Have you ever noticed that sometimes we do this in life? Run back into our little “world of familiar” when something difficult,scary or unfamiliar comes our way?
Take for instance I have this friend (I didn’t say it was me) who lives several thousand miles away from his aging parents. Now, he calls them every week to check on them and make sure that they are doing okay (from a distance) and as many of you probably know first-hand, that is somewhat of a challenge to say the least. I mean, you can only do so much and go visit so many times while you’re working and taking care of your own immediate family.

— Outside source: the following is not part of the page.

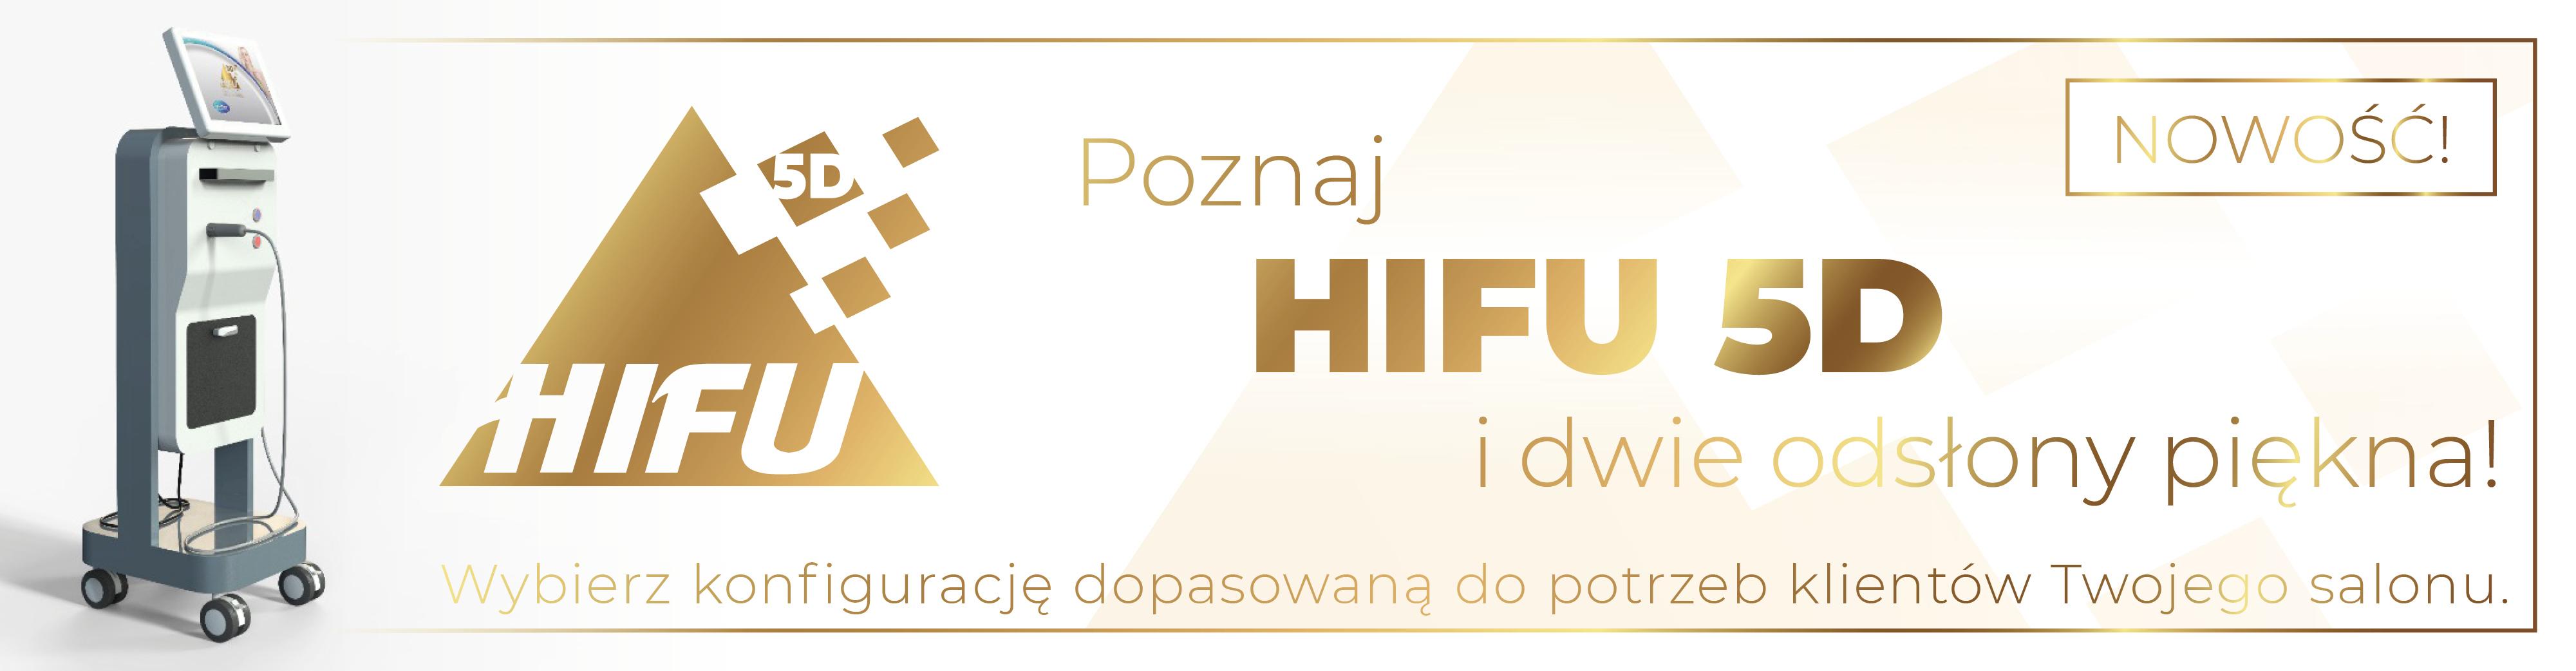 baner_www_HIFU_5D-3

The thing is, this guy has siblings that live in the same town as his parents and yet the one sibling (who has power of attorney) hardly ever goes and visits. That sibling may call every now and again but hardly ever leaves their own home for anything. That’s what I call the “Prairie Dog Syndrome” of caregiving. Hoping that Mom or Dad will never get old and staying in your little place of comfort and safety thinking everything will just stay the same. But as we know, this is a fantasy world and not at all reality.
Why is it that many of us find ourselves alone in this role of caring for our parents when we have several siblings? Now I’m not saying that these other siblings of my friend don’t pitch in at all. I think there could be several reasons. Maybe it’s like my husband’s situation where there is one sibling that steps up to the plate and takes the bull by the horn (takes charge). Maybe the other siblings just expect that one person in the family to take that role, I don’t know. But what causes the other siblings to shrink back in their holes and release that responsibility?

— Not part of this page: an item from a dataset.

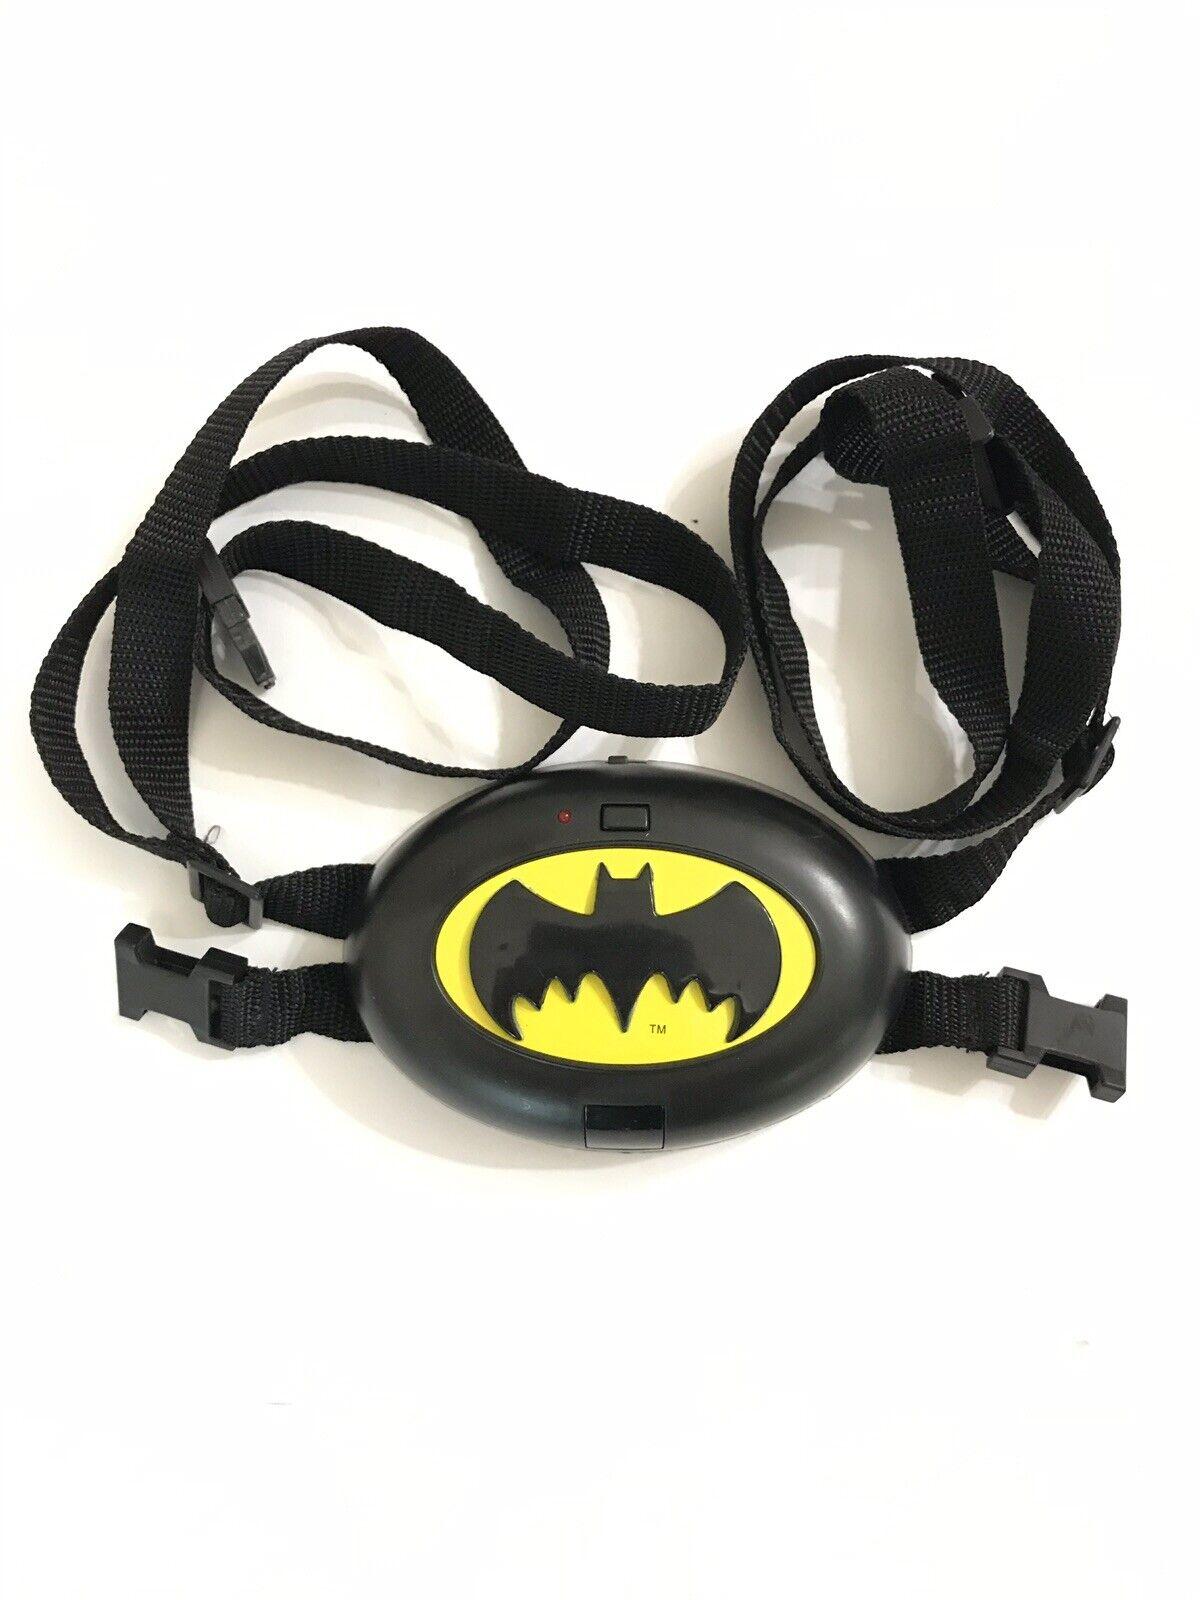 Im A Thinking Thinking Toy Batman Waist Belt Makes Sounds & Has Adjustable Straps

It can be such a frustrating situation on the part of the family member that is trying to care from a distance. I’m sure my friend (clearing throat) experiences occasional guilt for being so far away and I wonder if he will eventually have to make the decision to either move Mom or Dad into his home so he can take better care of them or himself move to where they are. To leave his job, uproot his family, and do what needs to be done when and if the time comes.
I’m sure my friend will make the best decision when that time comes because he is prepared. He has made some sort of plan of action and now is in some weird waiting game. Aren’t we all when it comes to this kind of thing?